Friday, September 16, 2011

Kumpulan cerpen banget (2)

Sehabis nonton face-off
Ada seraut wajah di wajahku yang tak kukenal.

Nasib seorang penggosip
Kata-kata yang keluar dari mulutnya menjelma ular beludak yang kemudian memagut lehernya sendiri.

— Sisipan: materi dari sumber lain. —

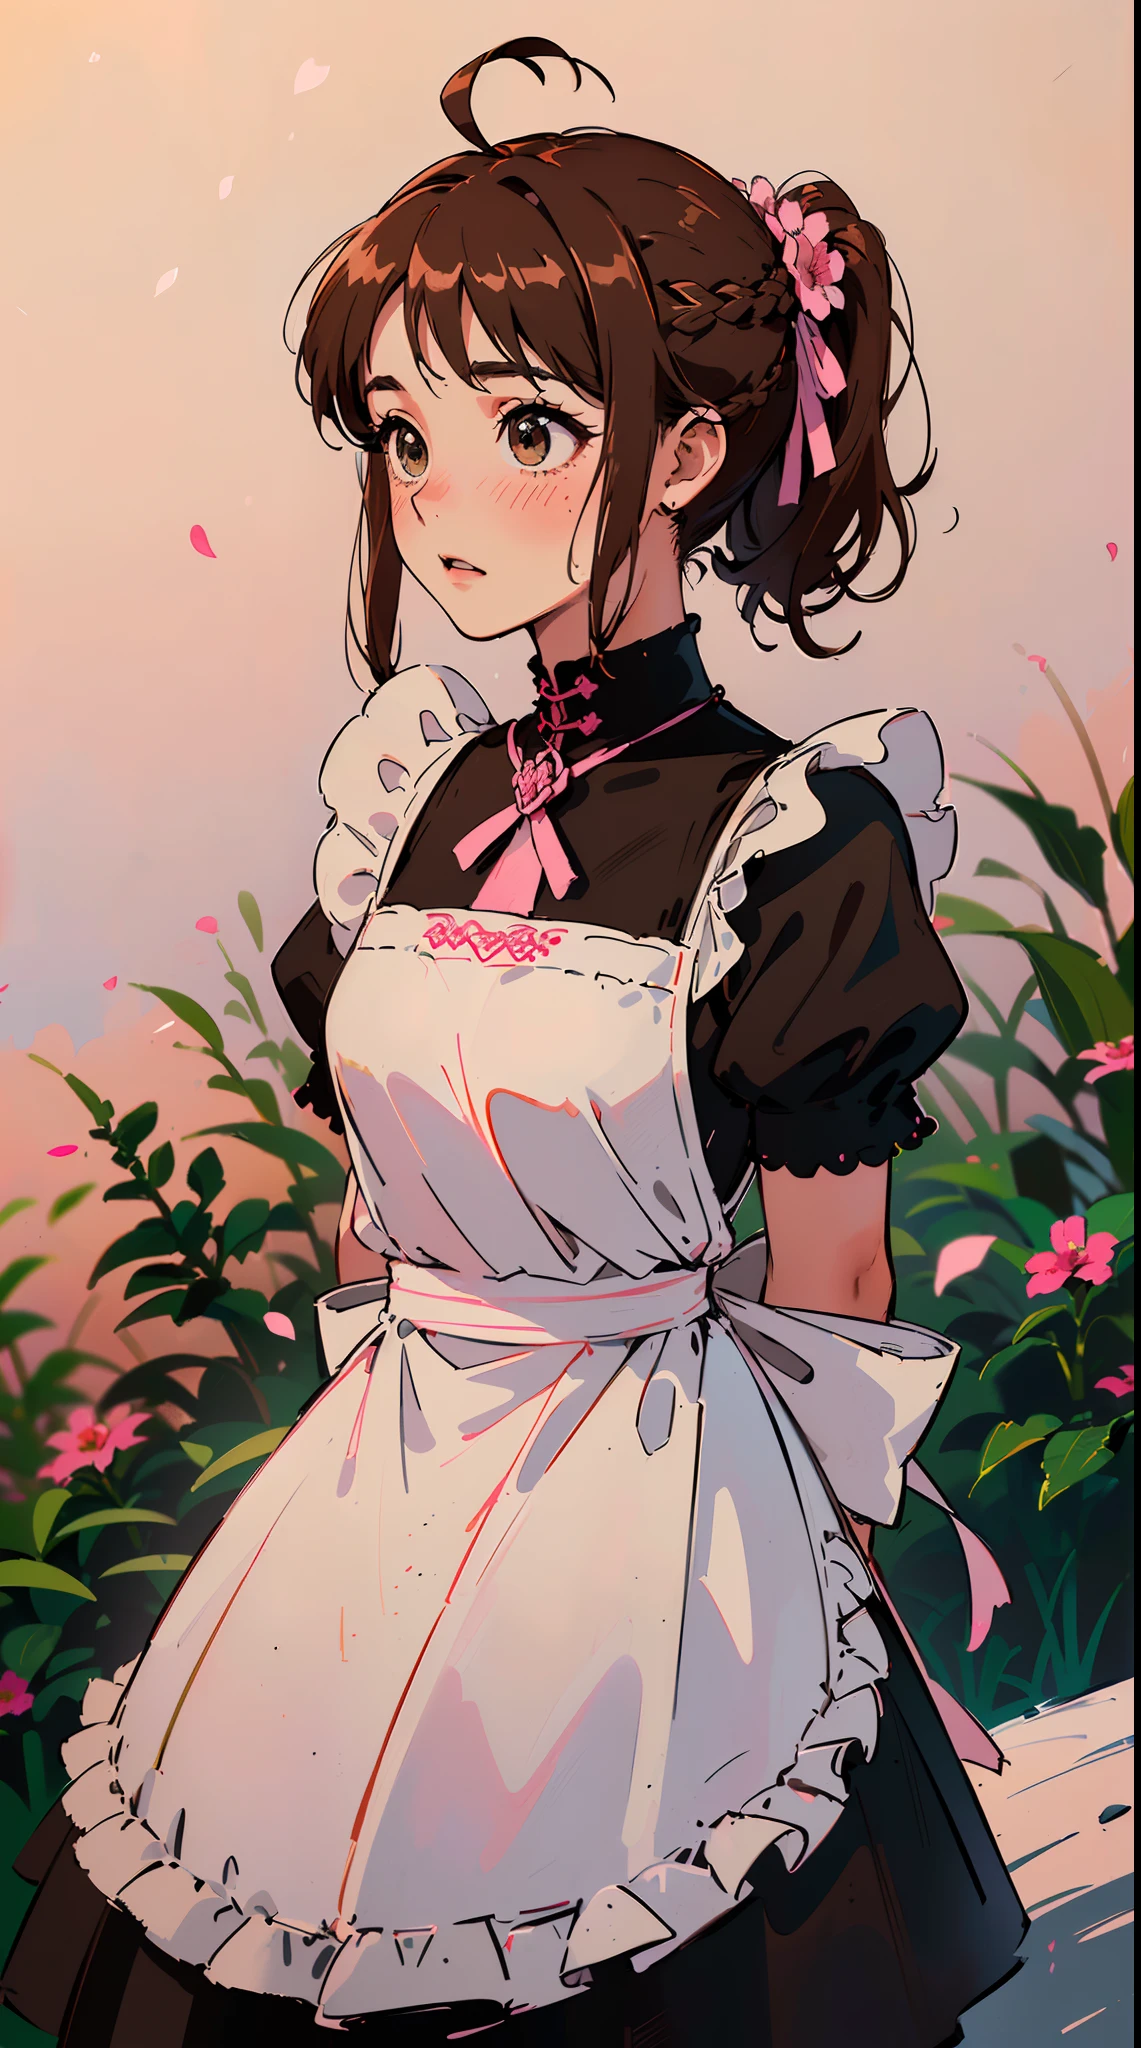 (((((((arms behind back,Blushing,cute cheeks,brown hair，gothic maid apron with flower))))))，((1girl,Solo,under-aged,11years old,short,Amazing,Cute Korean mixed-race girl，rosto magro,))(Masterpiece,Best quality, offcial art, Beautiful and aesthetic:1.2),((HD,Golden ratio,)) (16k),((sakura petals,snow pieces)),(Physically-based rendering),((((on a desert,at night,)))) (((highdetailskin,)))，((hair crown)),((((detailed hairs|middle hair|french braid|knot top|soaked hair|side ponytail|ahoge)))),Slender,thicc,(masterpiece sidelighting),(The sheen),(Beautiful hair,Beautiful eyes,）[[Delicate fingers and hands:0.55]::0.85],(Detail fingers),(((Superior quality,)))),((unbelievable Ridiculous quality,)),((extremely_Detailed_Eyes_and_face)),Movie girl,(Dynamic configuration: 1.2),Brilliant, (Photorealistic), ((pink ribbon on hair)),Ultra-precise depiction, Ultra-detailed depiction
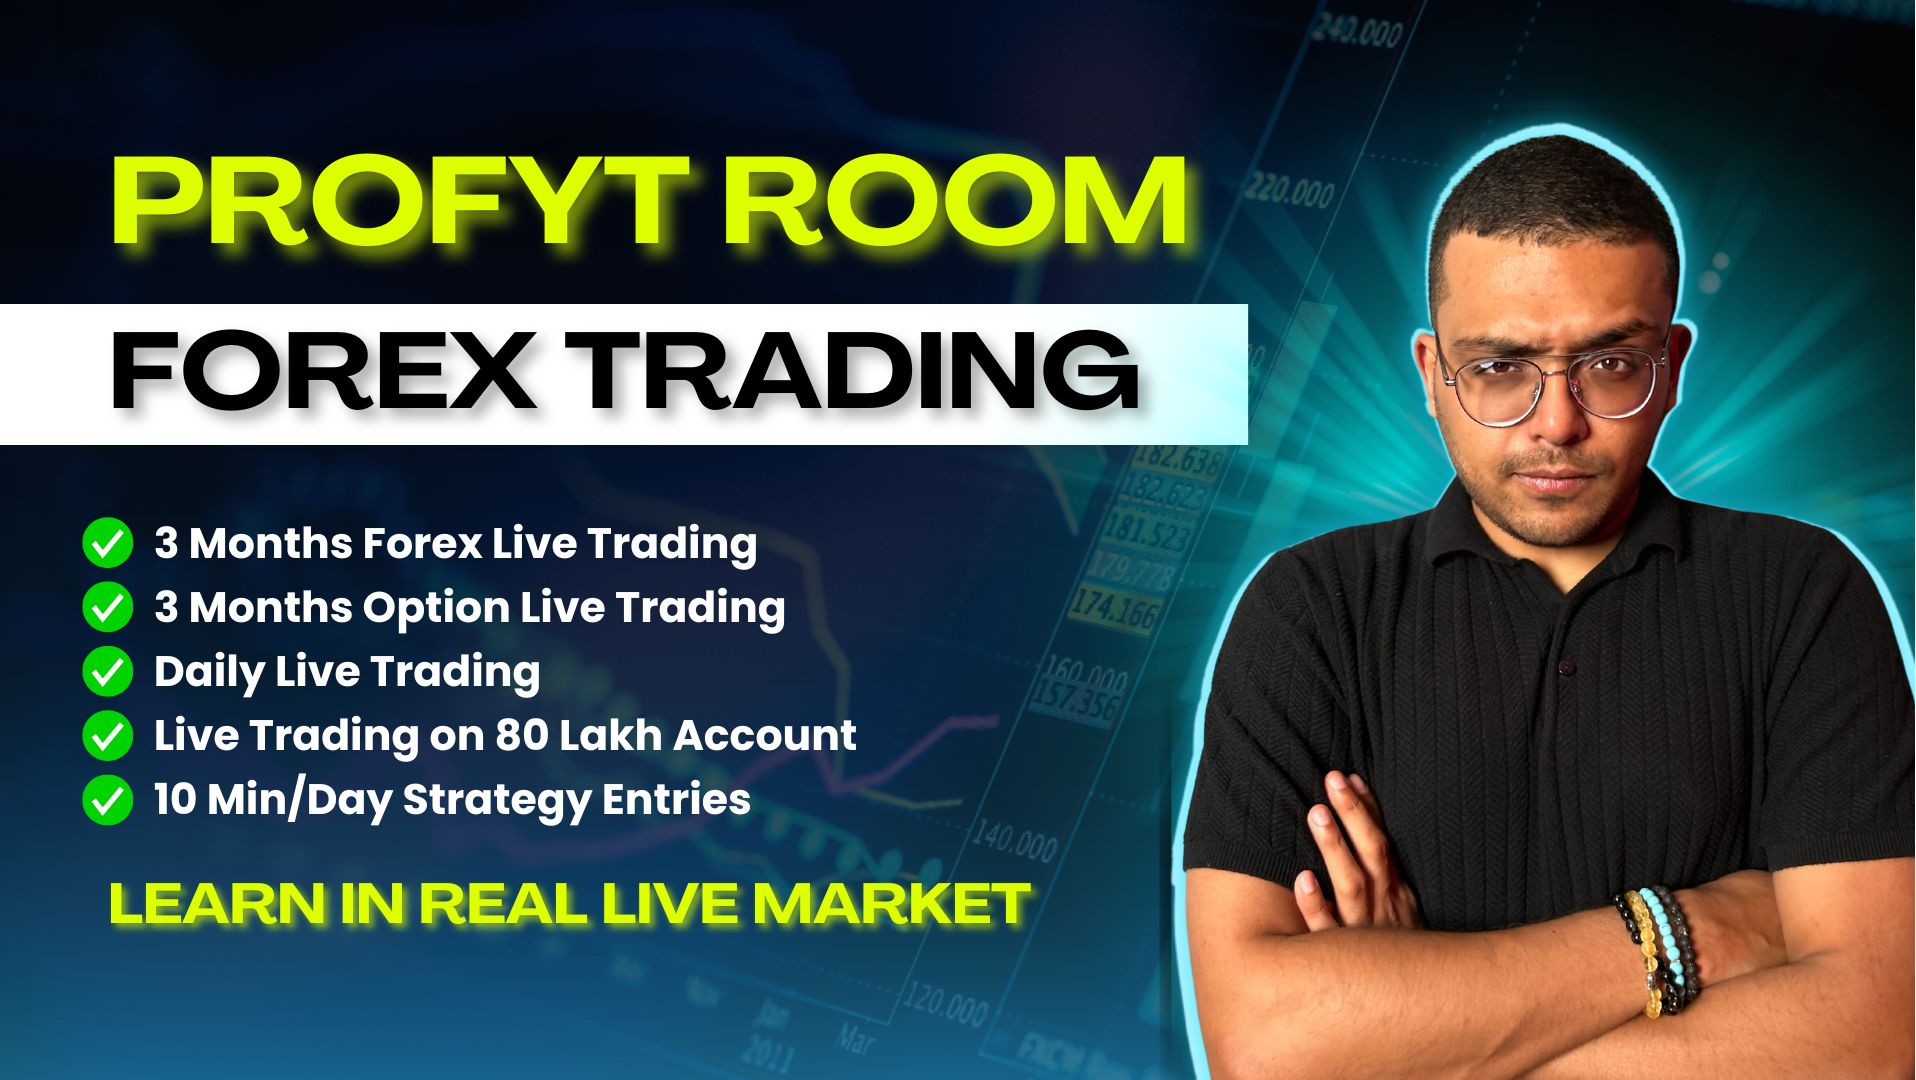 Live Trading Forex : Profyt Room (May/June)

Ziarah ke makam seorang computer geek
Pada batu nisannya terukir: norman van beek, fatal error occured, 1978-2010.

Cermis (Cerita Misteri)

Soeti
Ia merasa amat kehilangan sahabatnya, Soeti, yang baru meninggal akibat bunuh diri. Malam itu ia memijit nomornya pada ponsel.
Halo, Soeti…?
Ya.
Dan mereka pun ngobrol sampai pagi.

Mimisan
Darah menetes dari hidungnya yang mungil. Mula-mula hanya berupa butir-butir merah jatuh menitik. Tapi lama-kelamaan darah itu mengalir dengan deras hingga memenuhi setiap sudut rumahku, menembus ke luar hingga ke jalan-jalan. Dalam sekejap saja kota Etobicoke tergenang darah. Maka Ia pun berenang-renang kegirangan.

Senyum-senyum
Putriku duduk tegak di kursi lab
Menunggu jarum suntik menembus kulitnya
Akhirnya, Cus… darahnya mengalir masuk ke botol
“Oh, my dear, she is smiling,” kata tukang suntik itu.

Aku bertanya:
Kok kamu senyum-senyum sih, emang nggak sakit?
Nggak tuh.

Lalu ia menggigit jari manisnya sendiri
Mengunyahnya seperti sedang makan permen karet
Hingga tinggal separuh, Ia masih saja senyum-senyum.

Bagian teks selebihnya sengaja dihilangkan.